Stored data.
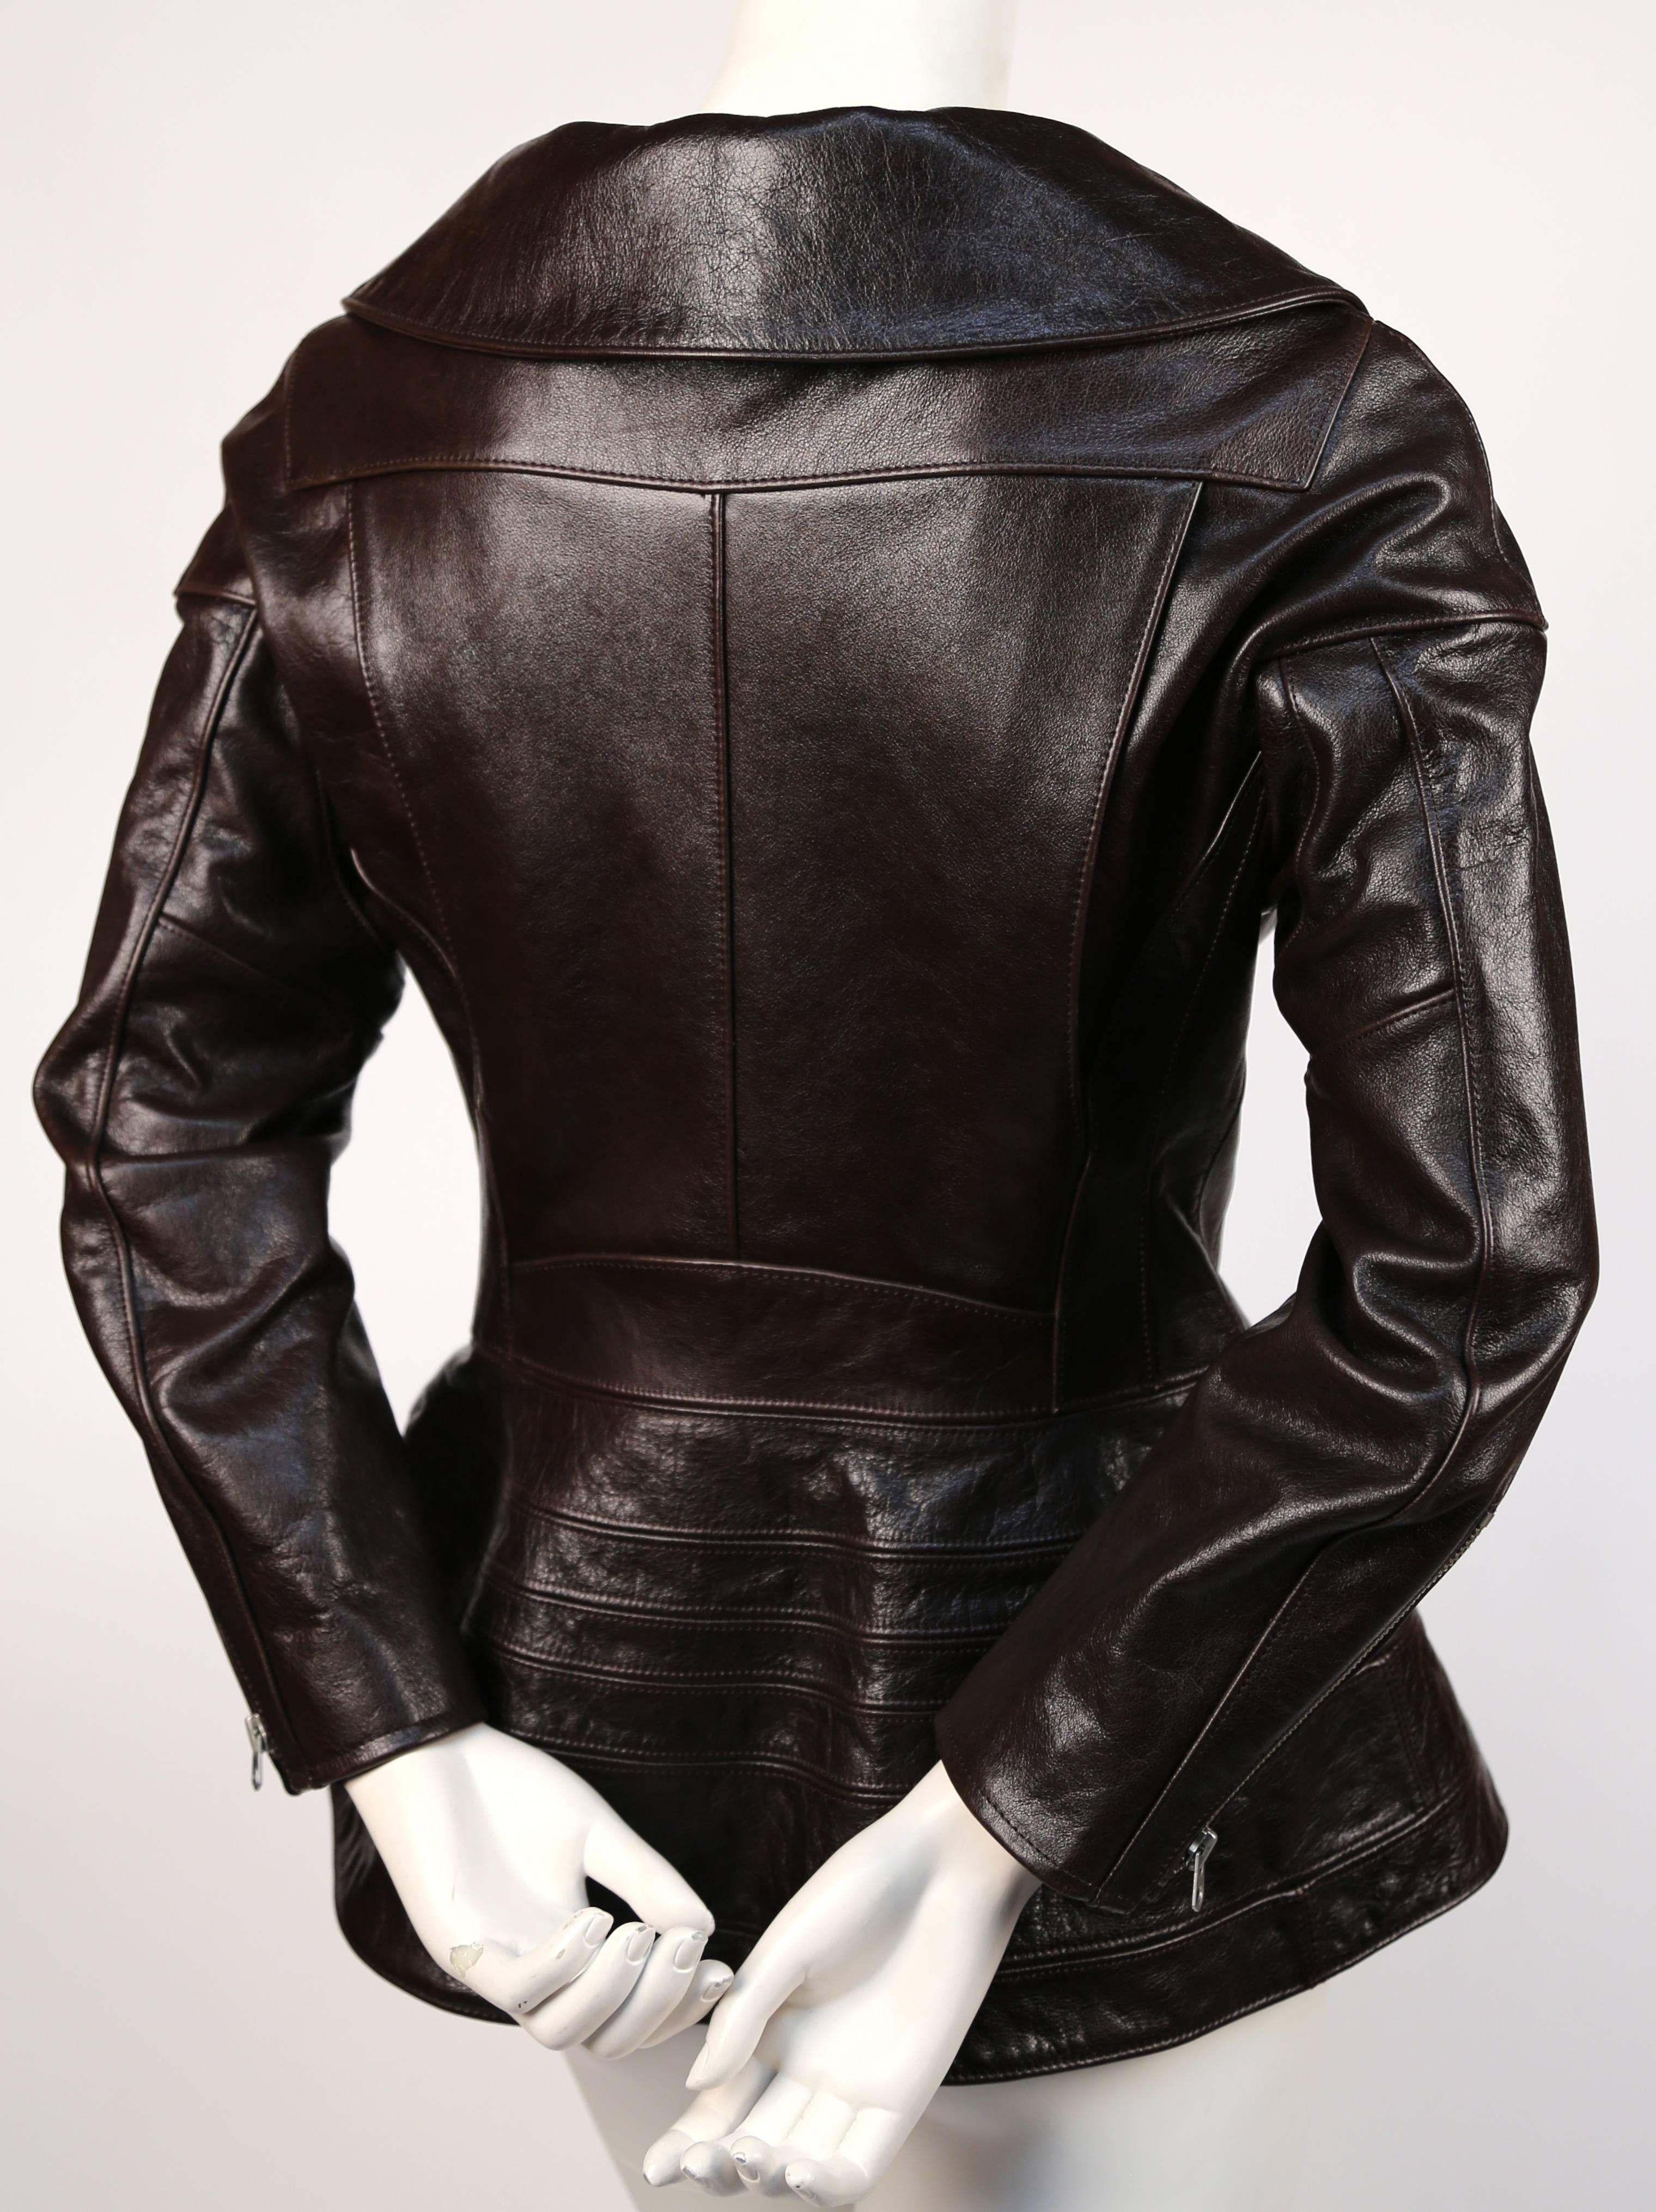 junya watanabe leather jacket
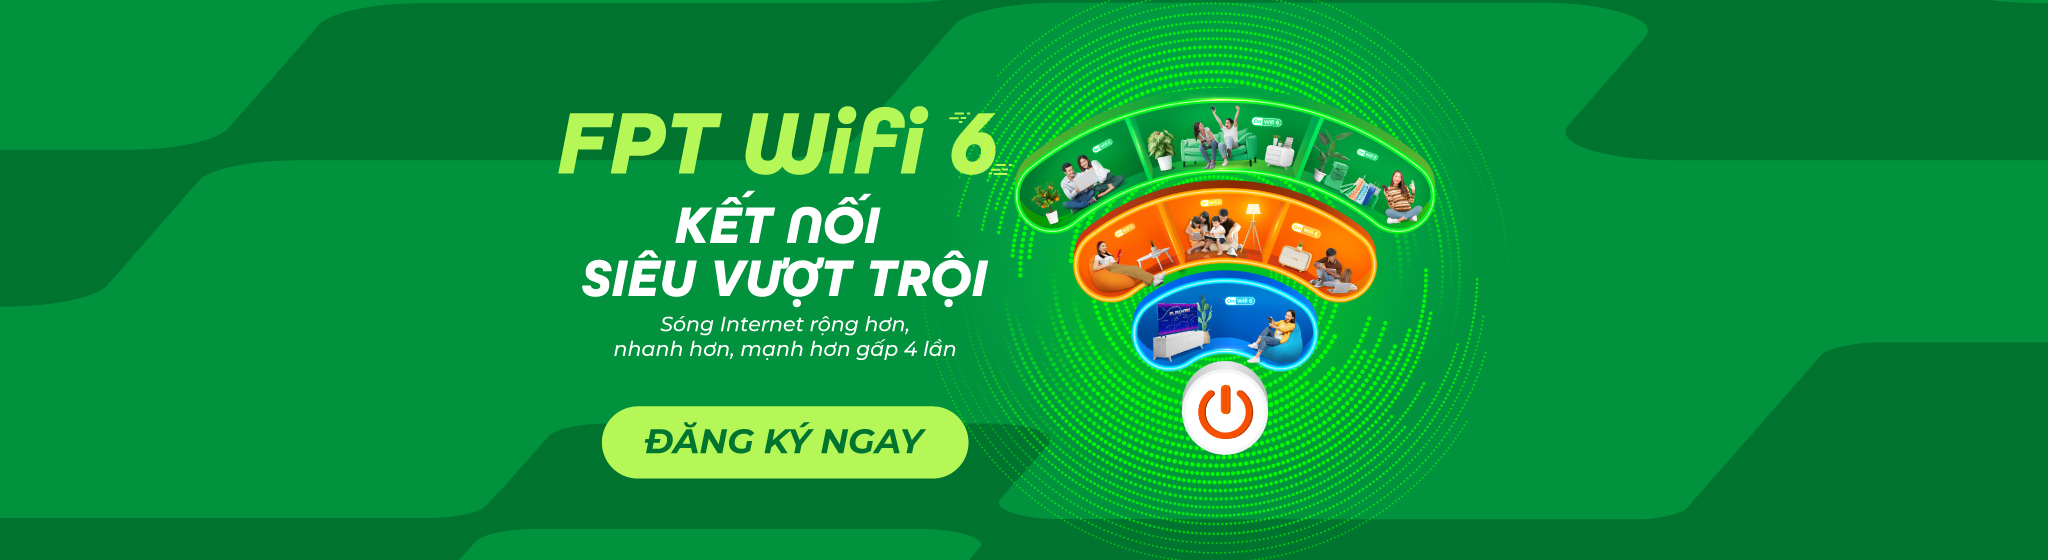 wifi 6 green
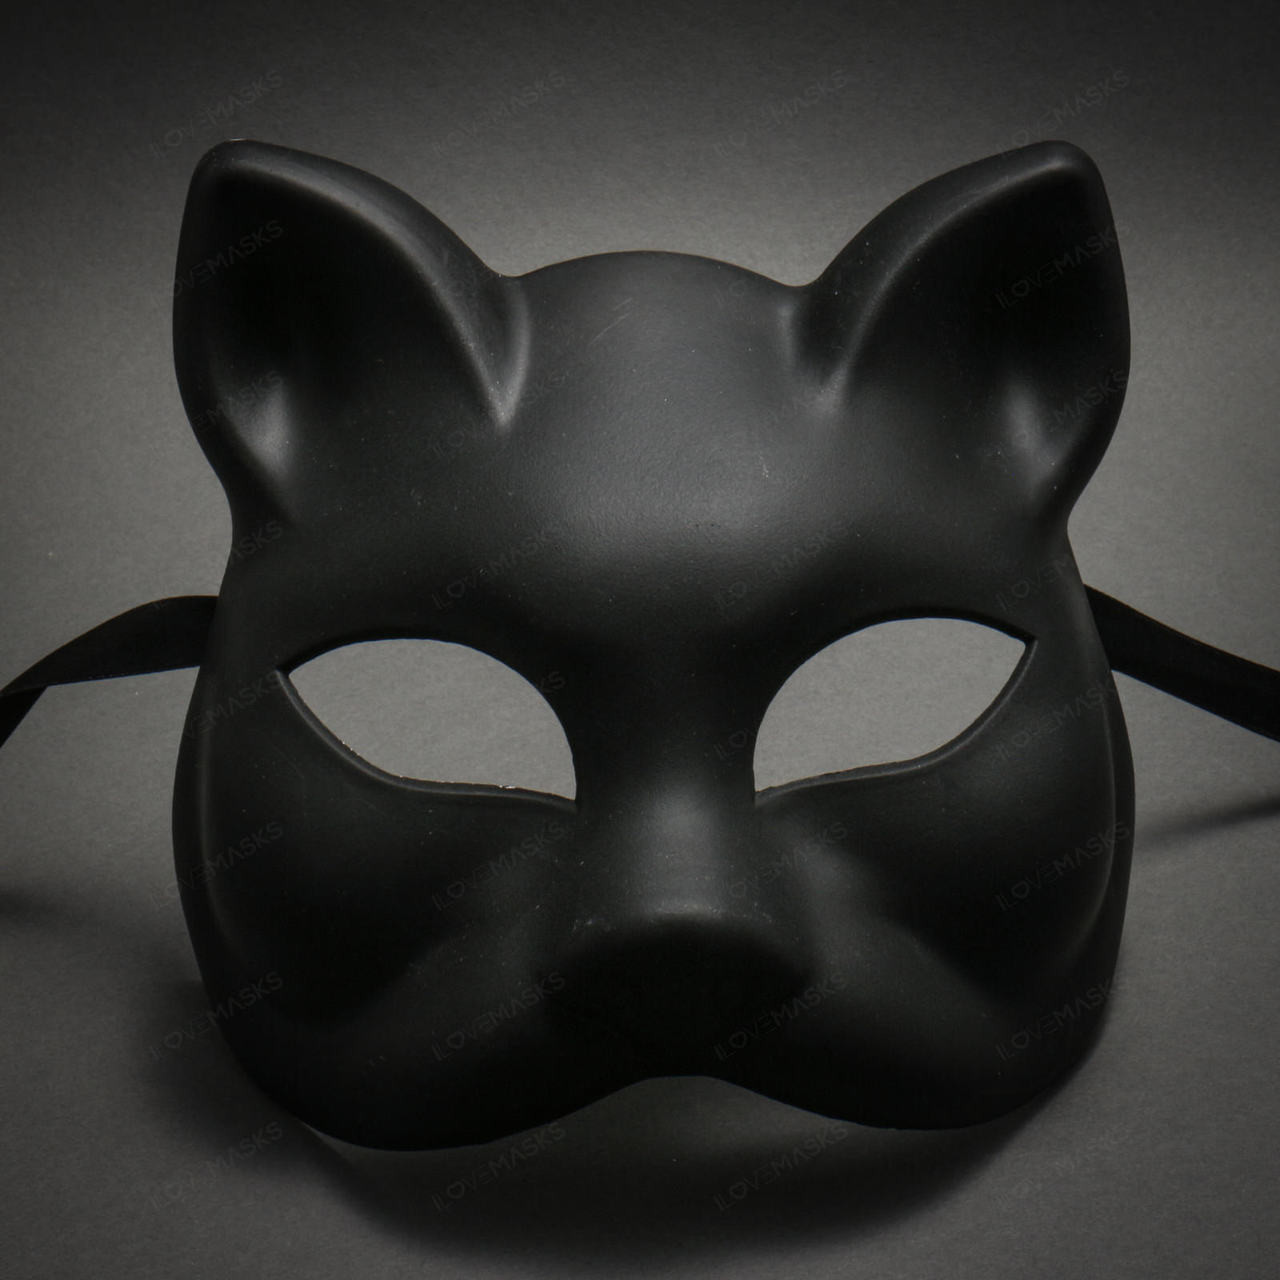 Venetian Cat mask –
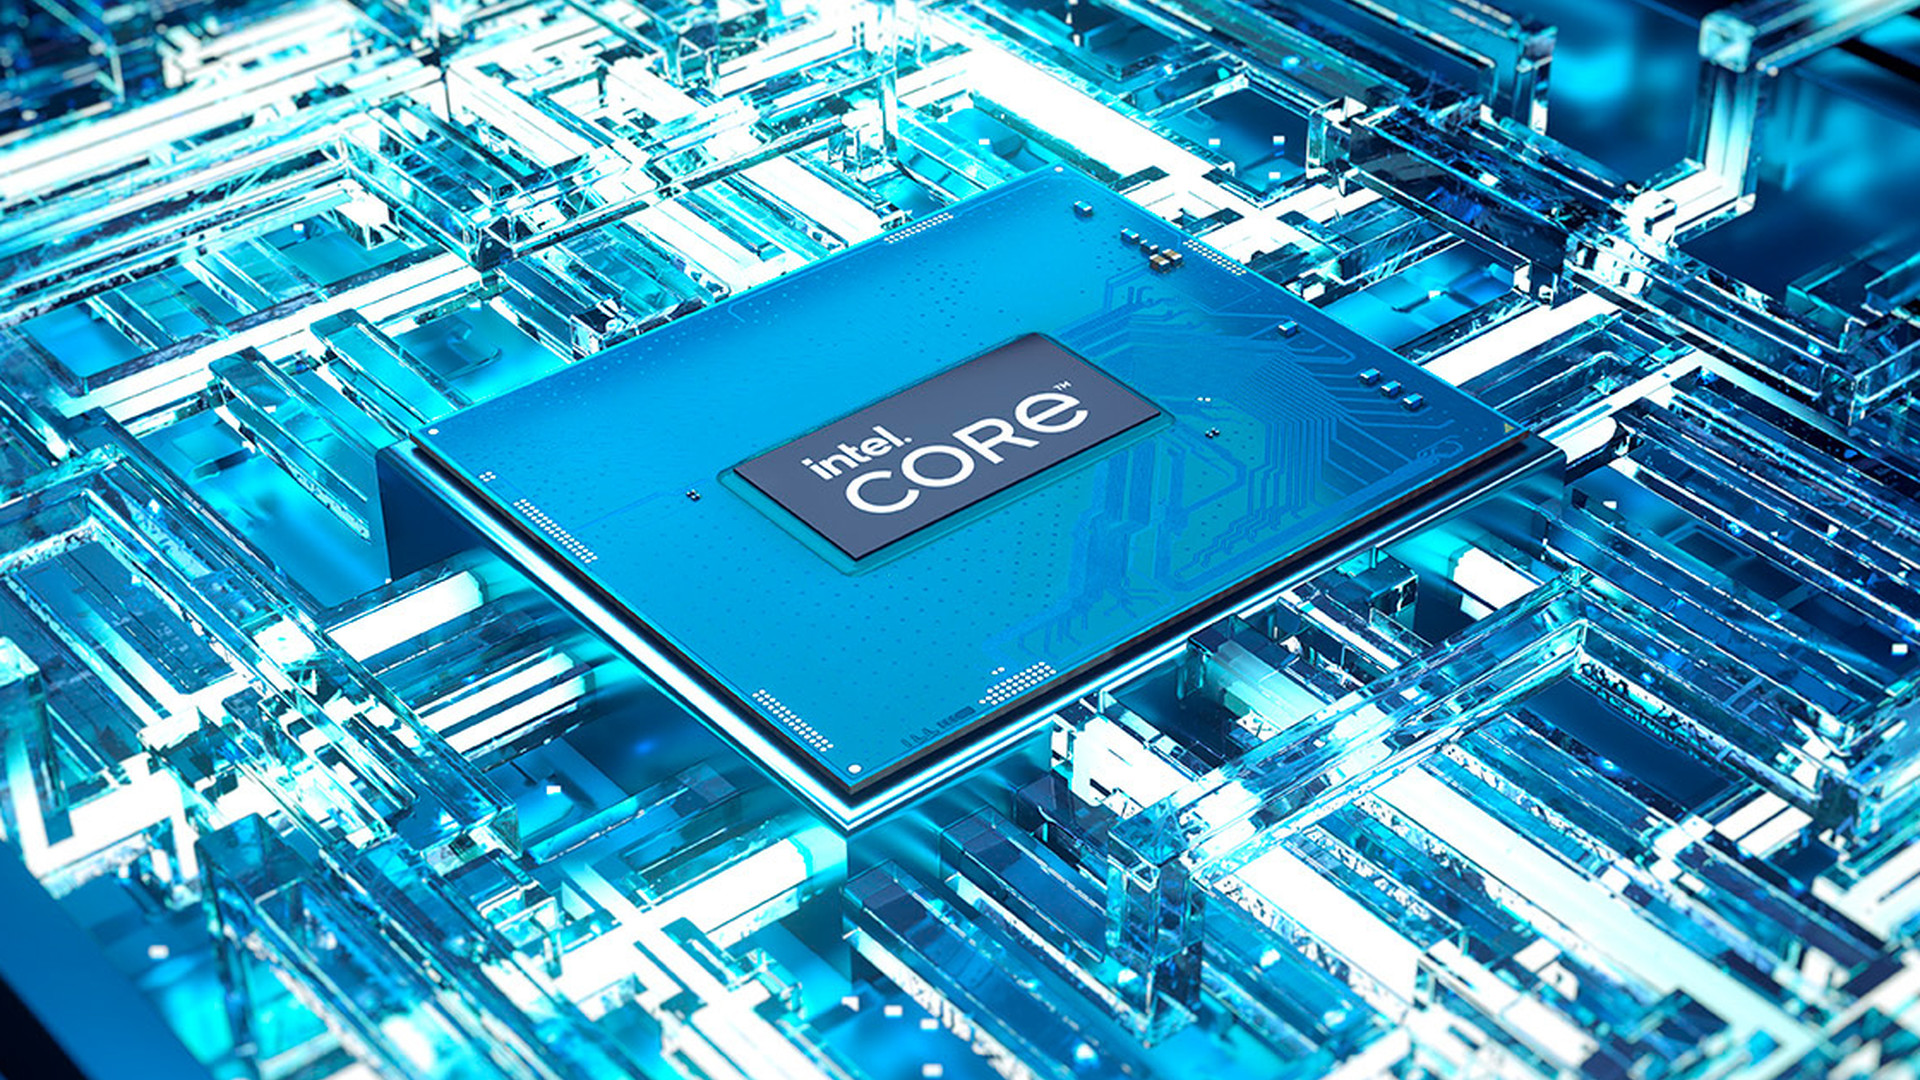 En test single-core, le Core i9-14900K d'Intel ne craint personne... en multi-core c'est autre chose

Prompt. Please set down each line of the data above exactly as written, without the pictures.

Task response.
 junya watanabe leather jacket
 wifi 6 green
 Venetian Cat mask –
 En test single-core, le Core i9-14900K d'Intel ne craint personne... en multi-core c'est autre chose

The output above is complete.